The specific target of BTB06584 is the mitochondrial F₁Fₒ-ATPase, and its inhibitory activity is dependent on the mitochondrial ATPase inhibitory factor 1 (IF1). For purified human mitochondrial F₁Fₒ-ATPase in the presence of IF1, the IC₅₀ for inhibiting ATP hydrolysis activity is 1.2 μM; in HeLa cells, the EC₅₀ for inhibiting mitochondrial F₁Fₒ-ATPase activity and reducing cellular ATP levels is 0.8 μM. In the absence of IF1, the IC₅₀ for purified F₁Fₒ-ATPase exceeds 50 μM, demonstrating IF1-dependent selectivity [1]

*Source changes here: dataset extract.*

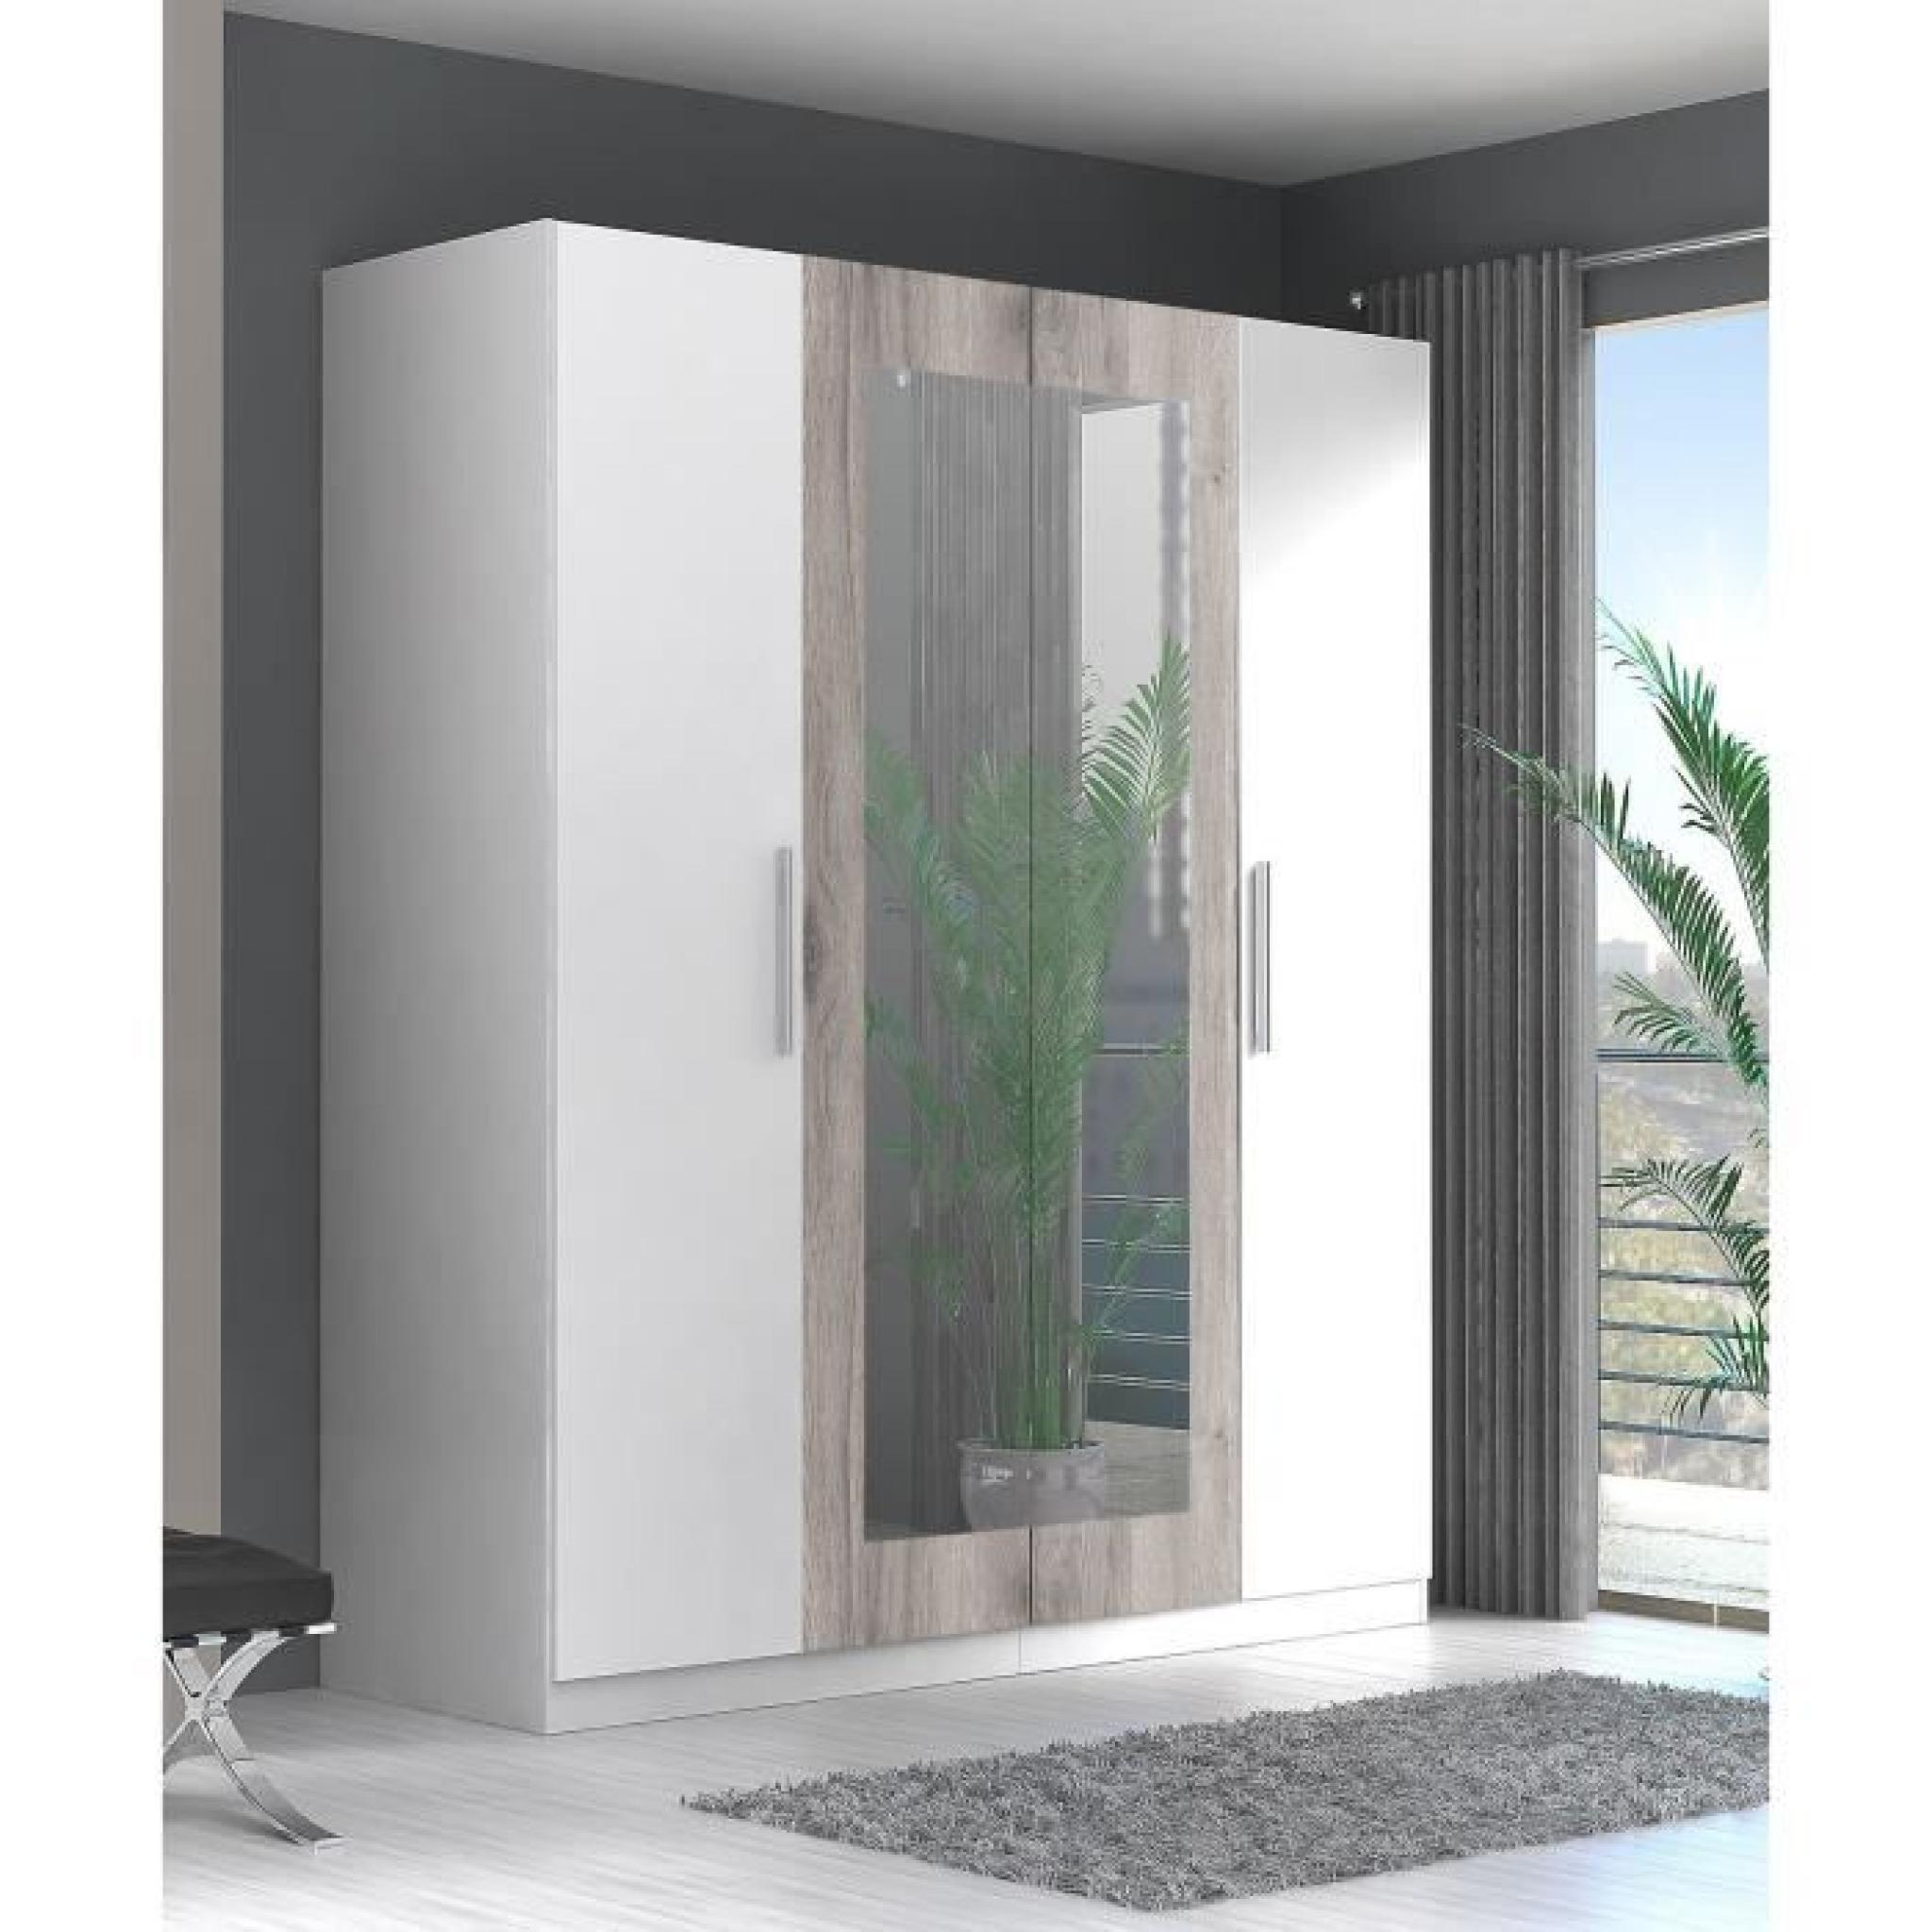 Finlandek armoire de chambre siisti 180 cm blanc et d cor ch ne sable achat vente armoire de - Armoire chambre adulte pas cher ...

BTB06584 (100 μM) has no effect on O2 consumption or the mitochondrial membrane potential (ΔΨm) but suppresses F1Fo-ATPase activity in HL-1 cells. Before an ischemia phase, HL-1 cells are protected from ischemic cell death by BTB06584 (100 μM) pretreatment. After suppression of respiration, there is a decrease in ATP consumption and ischemia cell death[1]. Overexpressing IF1 increases BTB06584 efficiency, but protein silencing decreases it[1].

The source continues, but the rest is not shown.